Most of our readers know that Colonel Jeff Cooper loved the 1911 and thought that it was and is the best option for those serious about pistolcraft. There are books about both the man and his love for the 1911. However, while Col. Cooper was a devout worshipper of the .45 ACP, he also expressed an interest in a pistol caliber capable of pushing a 200-grain bullet at 1,200 feet per second. And he thought that such a caliber would be ideal for times where we might require a pistol to reach out to 50 yards.

Pursuant to this goal, Col. Cooper played a prominent role in developing and designing the Dornaus and Dixon Bren Ten. He expressed optimism for both the pistol and the caliber, as he felt they brought a new level of ballistic performance to the pistol shooter. The Bren Ten was a CZ 75-based pistol designed around a new and powerful cartridge, the 10mm Auto. The Bren Ten and the 10mm Auto cartridge enjoyed a surge in popularity in the early- to-mid-1980s, but manufacturing and supply problems doomed the pistol and the cartridge, with both on life support.

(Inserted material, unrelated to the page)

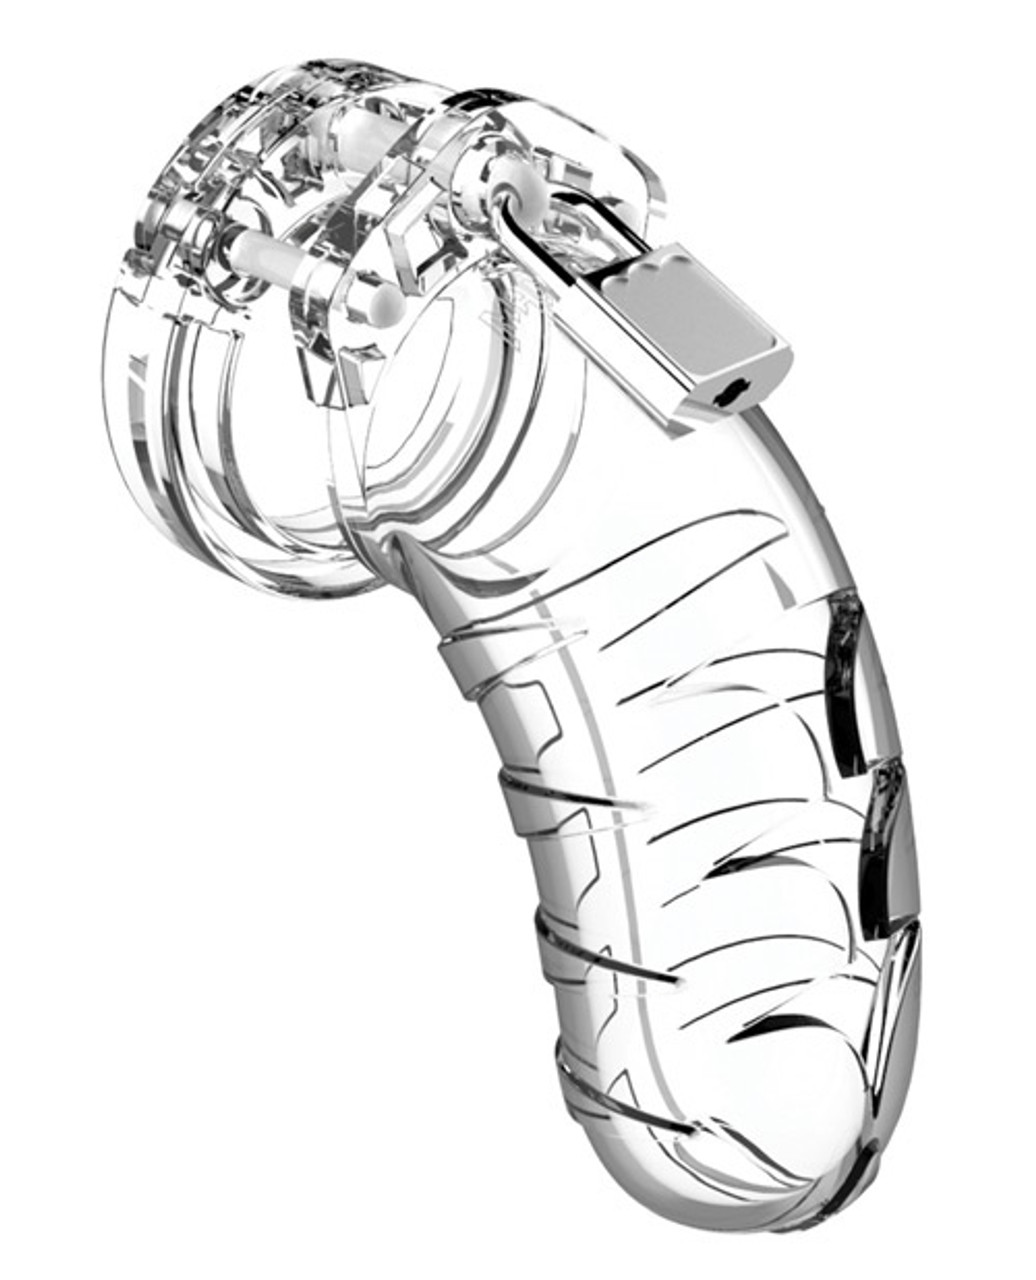 Man Cage Male Chastity Device - Model 04

Then, on the morning of April 11, 1986, eight Miami FBI agents spotted and approached two wanted bank robbers. In the ensuing firefight, Special Agents Dove and Grogan were killed as well as the two bank robbers, Matix and Platt. The event shocked the nation as well as the law enforcement community. The autopsies of the two crooks revealed that the then-issued FBI service round, a 9mm, lacked sufficient penetration to readily incapacitate. Had one round penetrated Platt’s body an inch more, it’s likely that the two FBI agents would have survived the encounter. This real-world event became a driving force behind the 10mm Auto and validated Cooper’s idea that magnum-level ballistics in a semiauto had serious application in the law enforcement world.